Consultant Richard Burroughs advised the owner of StrucSoft, an AEC software and services business, on how to liquidate his interest as an owner. The founder had been approached by a strategic and was uncertain as to the value of his business.
Burroughs delivered to the owner a valuation analysis, assessment of key SaaS metrics, transaction and trading multiple comp study, and an executive deal memo. Burroughs successfully guided StrucSoft’s owner to achieving a premium valuation in an accepted counteroffer.
CONSULTING PROCESS:
Burroughs worked directly with the owner and his controller to pull historical financials covering the previous three fiscal years. In addition to financial analysis, Burroughs worked privately with the owner to understand his personal considerations and desires for an exit.

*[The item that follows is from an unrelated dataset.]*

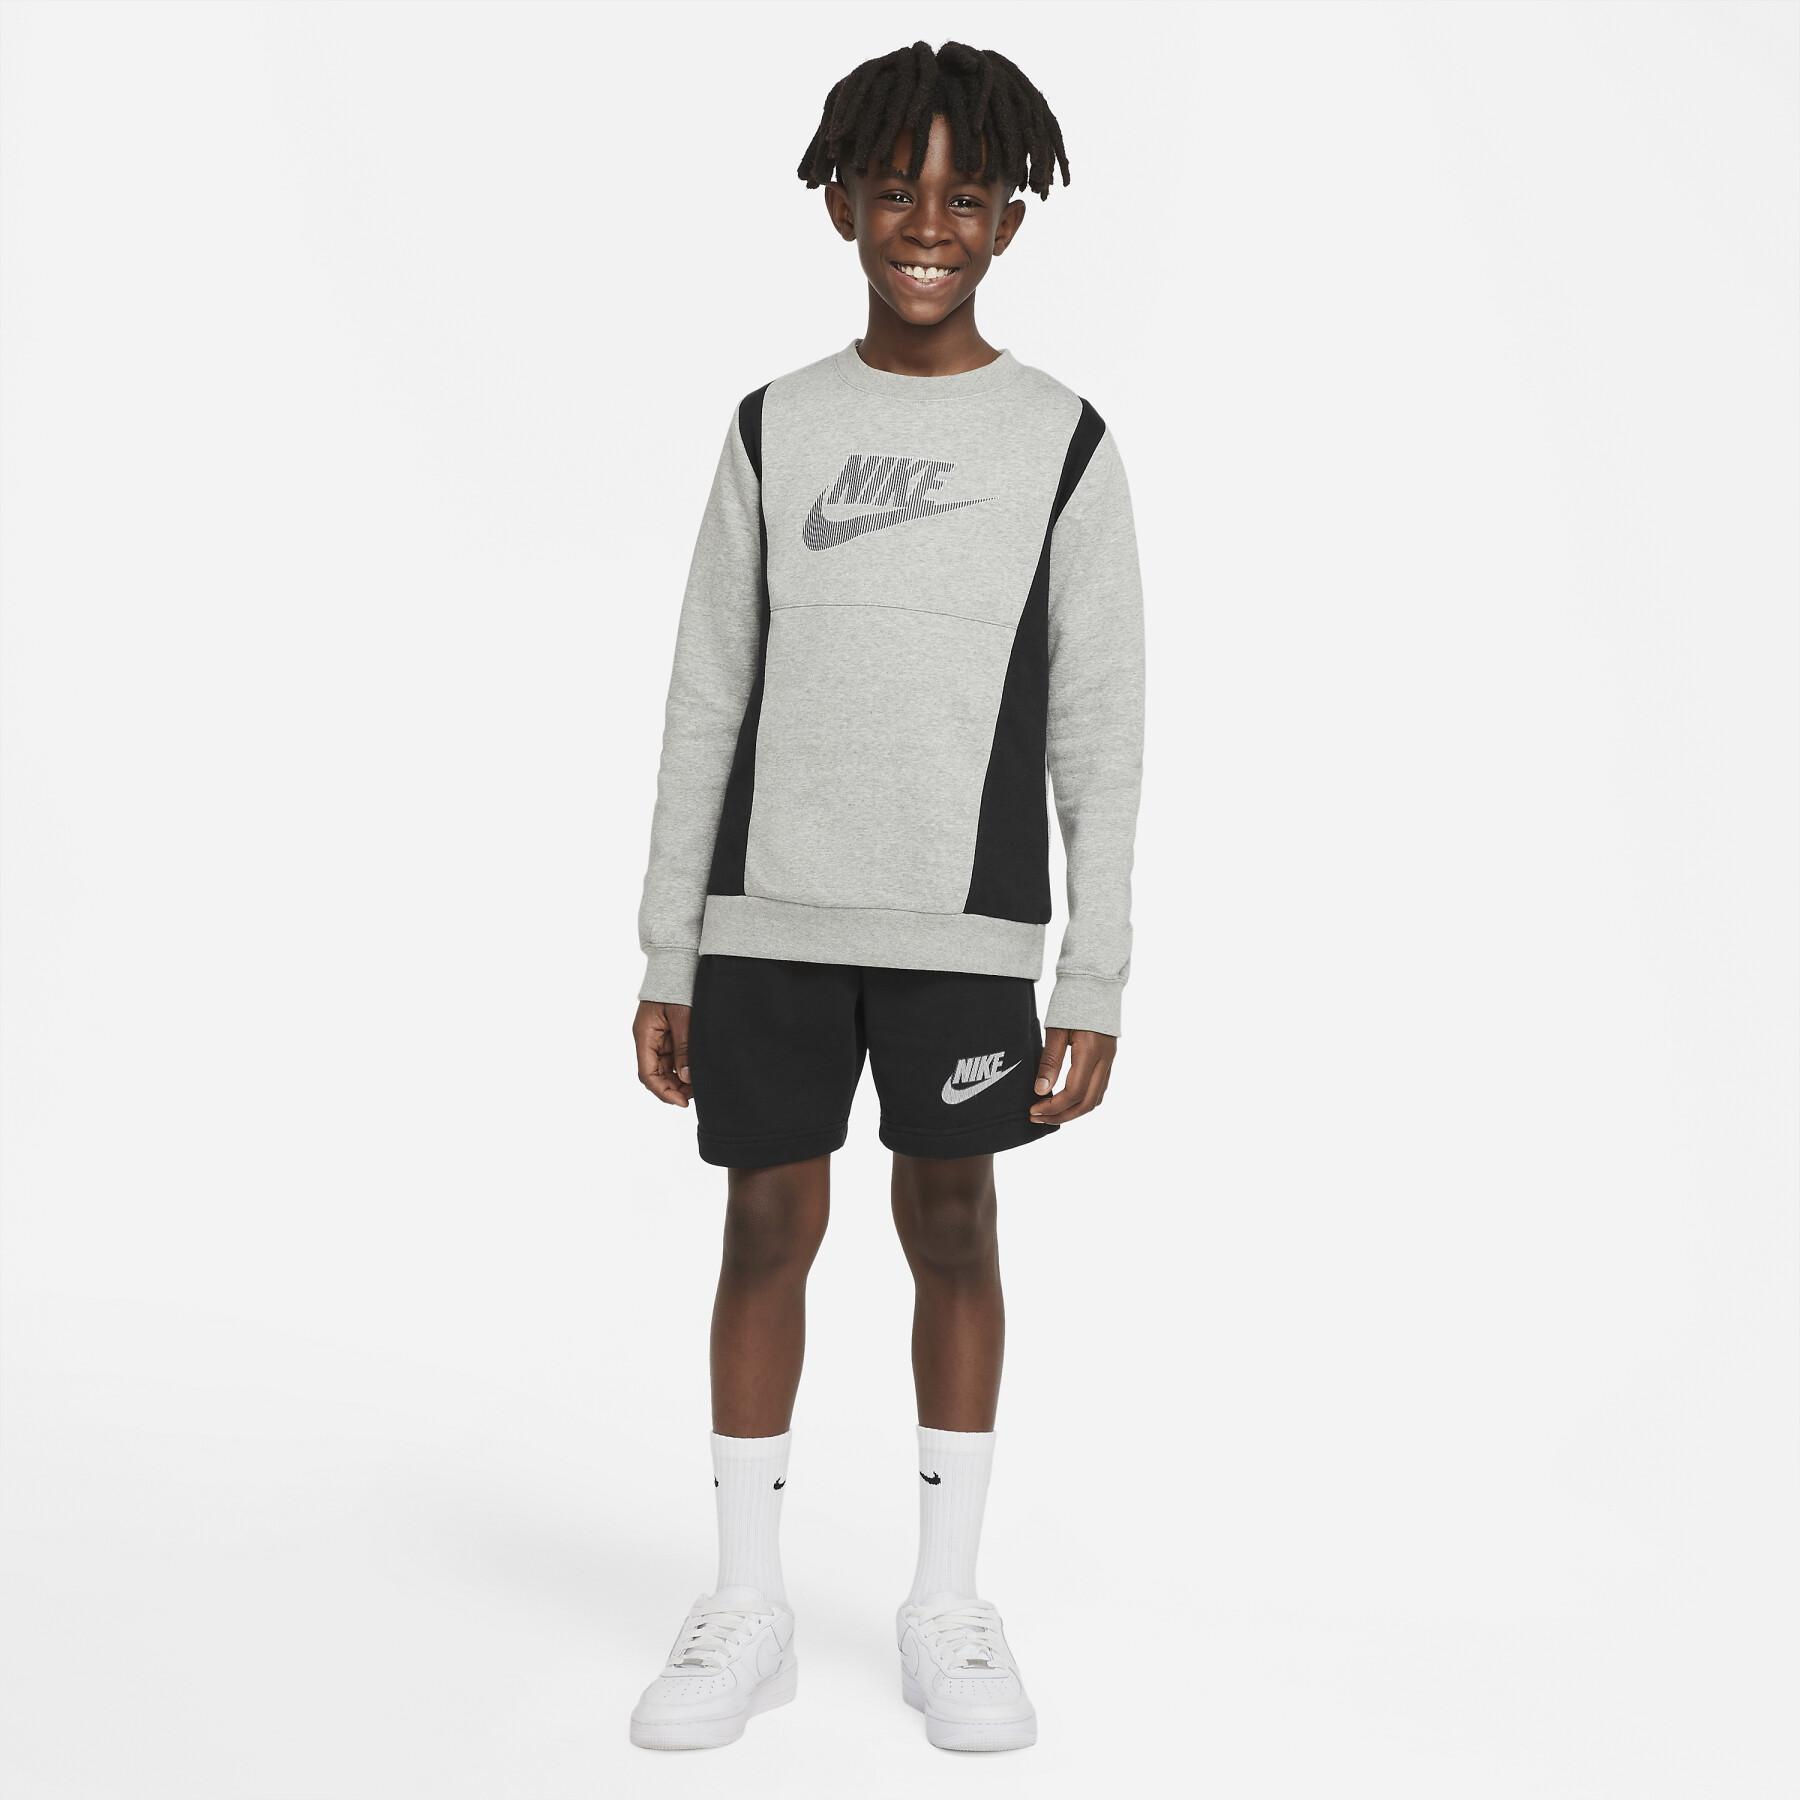 Pantaloncini per bambini Nike Hybrid

Burroughs used the historical financials to develop a three-year historical cashflow statement and a five-year forward projection, both of which constituted the foundation of a discounted cash flow model.
Multiples and other valuation assumptions were developed through a study of transaction and trading comps and interviews with other financial professionals.
Valuation was determined using a number of methods, including DCF and LTM, FTM revenue and EBITDA multiples. The resulting enterprise values created a “field” for a valuation, which corroborated our findings and led to a supported enterprise value. Richard ran a variety of sensitivities to show management what the value of their equity would be given different business performance scenarios.
Deliverables included:
Financial analysis and valuation
Scenario planning and strategic guidance for an exit
Executive summary memorandum
SaaS Metrics Scorecard
Results:
Burroughs gave the owner a clear understanding of what his business was worth and how he should respond to the initial LOI from a potential corporate buyer, resulting in a satisfactory and accepted counter offer. StrucSoft successfully closed its deal in spring of 2021.